I kept walking, dragging the sword behind me. Its weight felt heavier now, as though it knew I didn’t deserve to wield it.

My reflection caught my eye in a puddle at my feet. My hair, once dark, was now nearly silver, streaked with white. My eyes—if they could still be called mine—were something out of a nightmare. The right was a golden clock, its gears spinning endlessly, mocking me with their precision. The left was no better, its star-shaped pupil and crescent iris devoid of any humanity.

Lifeless. That’s what I looked like.

I stared at the reflection for a moment before turning away. It didn’t matter.

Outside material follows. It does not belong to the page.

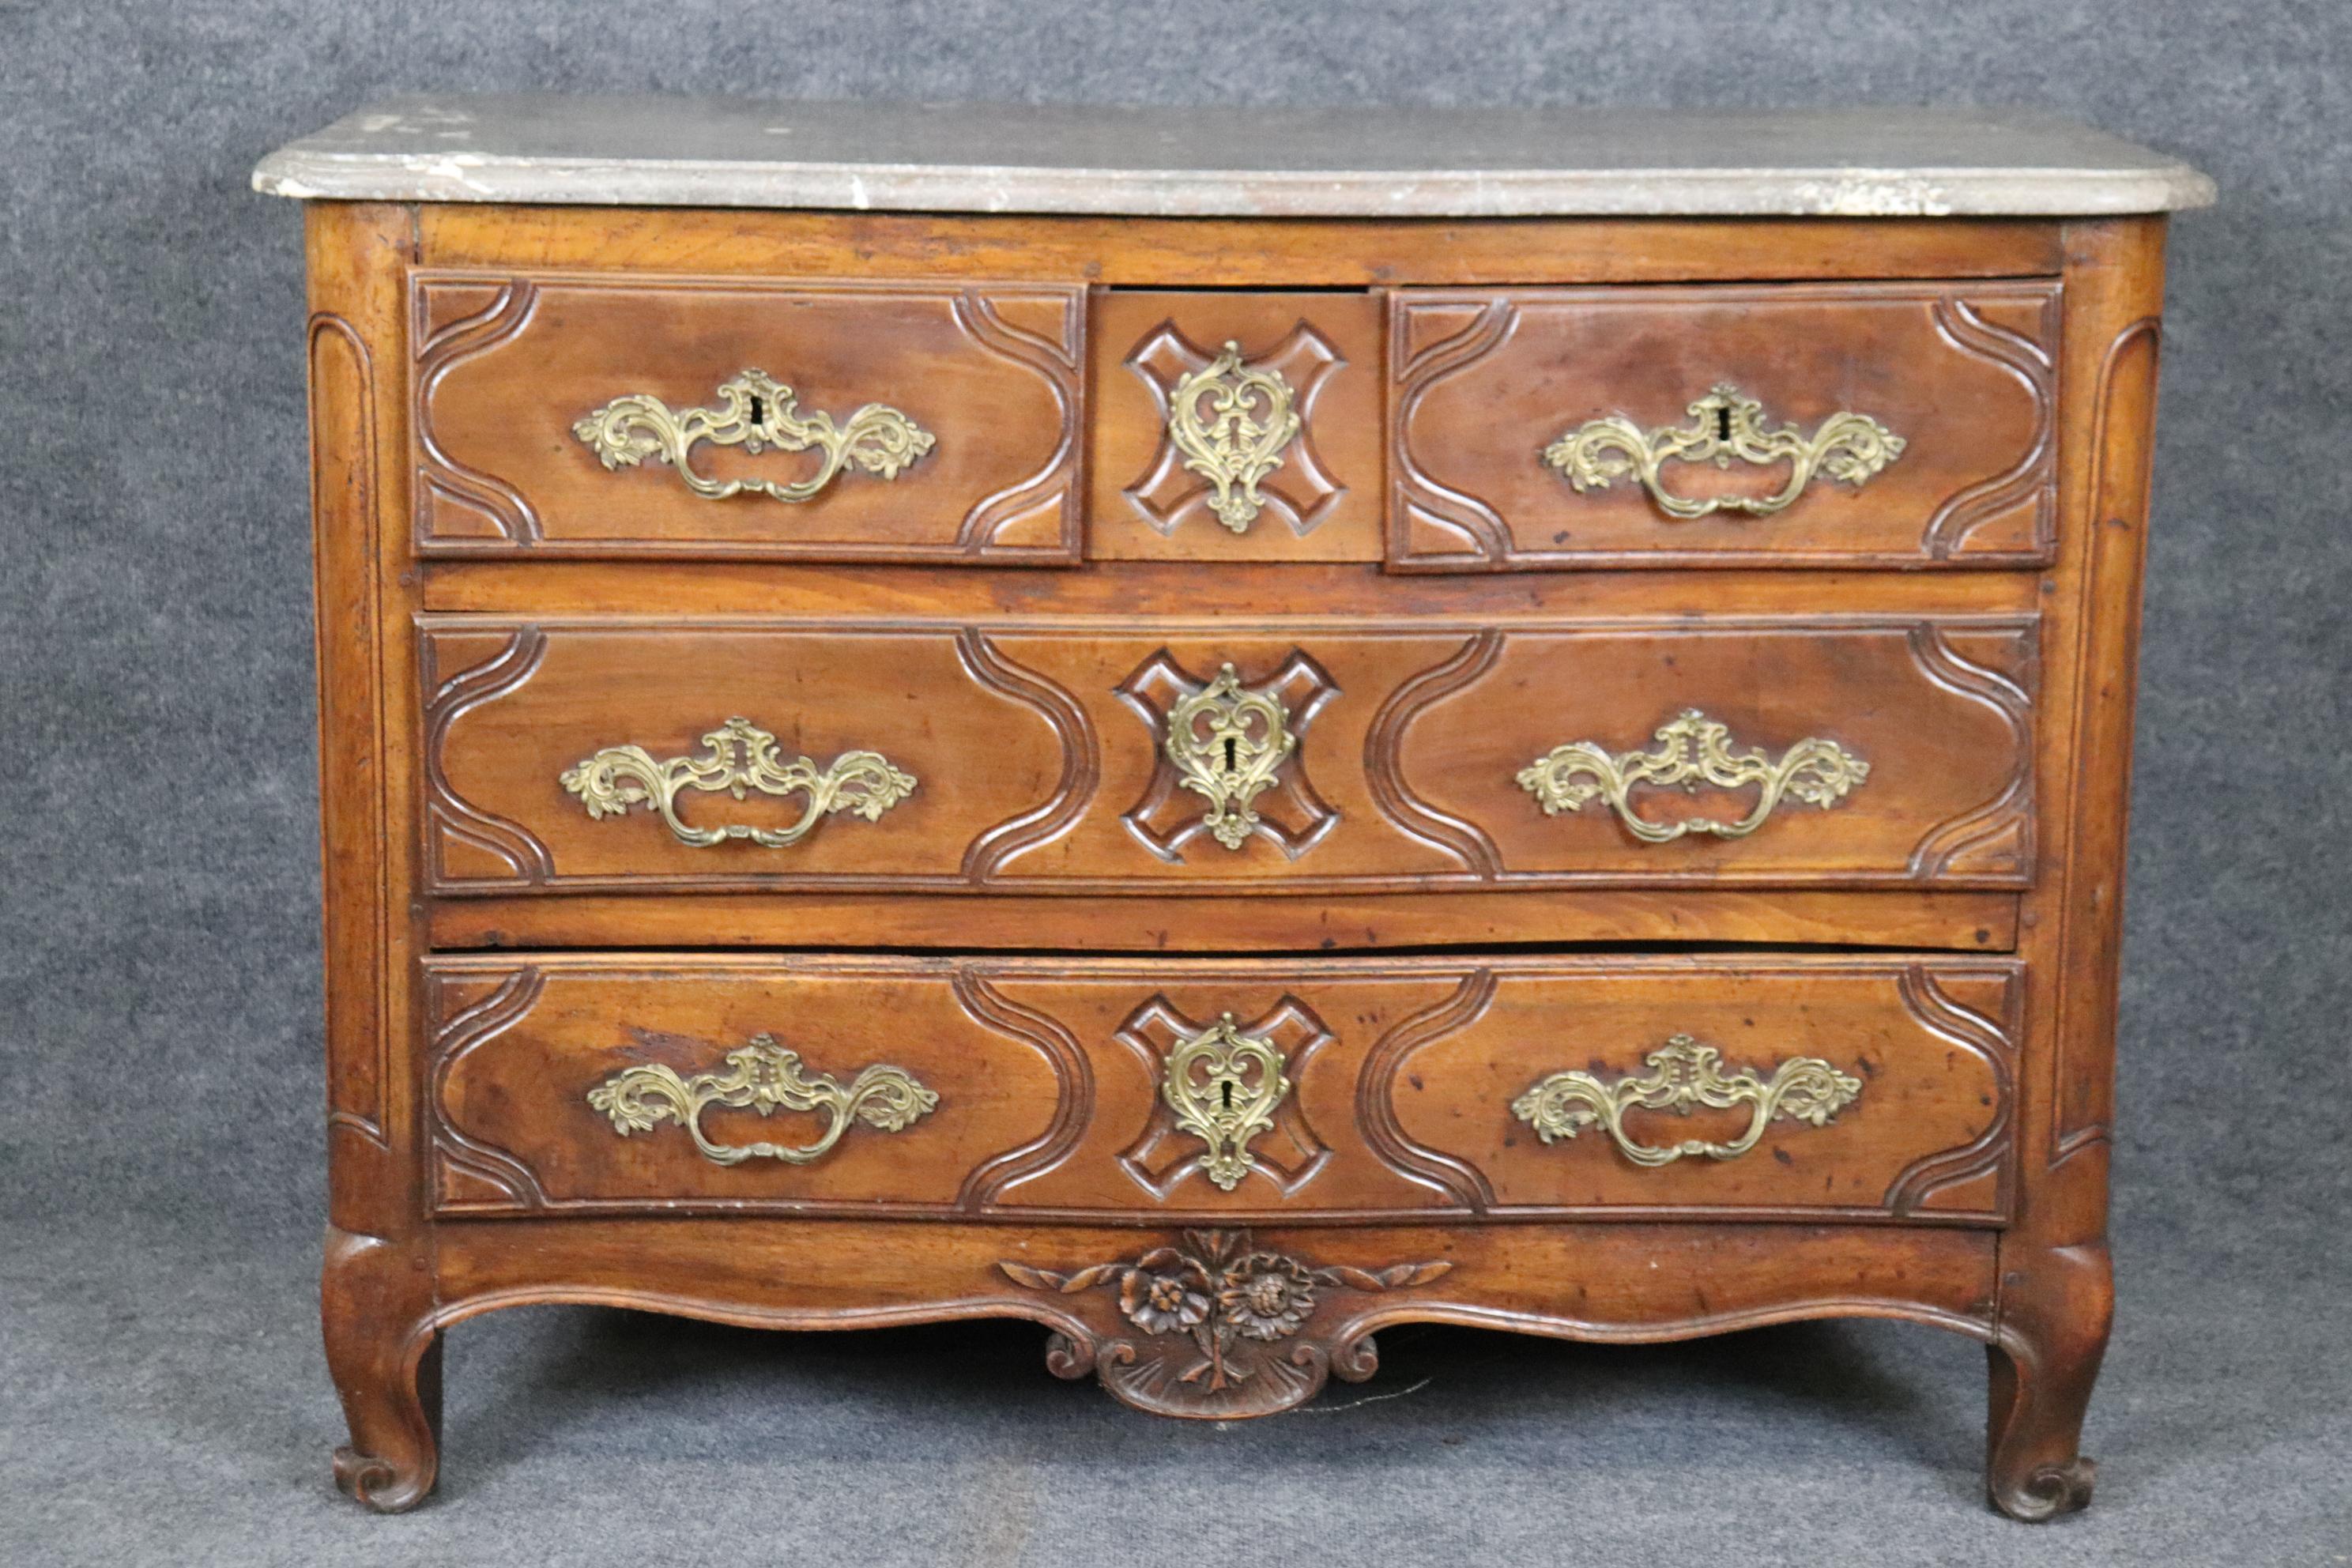 Period French Louis XV Walnut Marble Top Bronze Mounted Commode For Sale 4

I think about those times sometimes. Playing games, watching anime, reading manga and light novels. I didn’t have much back then, but at least I had those.

Now? I have nothing. Not even a moment of rest.

The rain poured harder as I left the forest, the sky opening up like it wanted to drown the world. I pulled my hood down, letting the water soak my hair, my face. I tilted my head back and looked at the clouds.

“How cruel,” I said, my voice hollow.

The rain washed away the blood and dirt on my face, but it couldn’t touch the stains inside.

I thought about Sans.

He was my favorite character, back when I still played games. Lazy, sarcastic, always exhausted. I used to love him because he made me laugh, but now...

Now I think I understood him.

I used to think his laziness was funny, but maybe it was just easier to pretend he didn’t care. Maybe it was easier to give up than to keep fighting.

“Heh,”I chuckled .

The sound was strange, almost foreign, like it didn’t belong to me. I touched my face, surprised to feel wetness on my cheeks.

“Tears in the rain,” I muttered. “How poetic.”

I laughed again, but it broke into a sob halfway through. The tears kept falling, mixing with the rain, until I couldn’t tell where one ended and the other began.

I remembered the disease.

The doctors called it something complicated, but all I needed to know was that it was killing me. Slowly, painfully, and inevitably.

Eighteen years. That’s all I had.

I used to fight it.

I used to dream about miracles, about finding a cure or defying the odds. But after a year, I stopped.

I accepted it.

So why?

Why am I still here?

I felt something fall.

A drop of rain, or maybe a tear. It hit the ground with a soft plip, lost in the symphony of the storm.

I touched my face, my fingers brushing against my damp cheeks.

“I’m crying,” I whispered.

I didn’t even know why.

The rain kept falling, and so did the tears.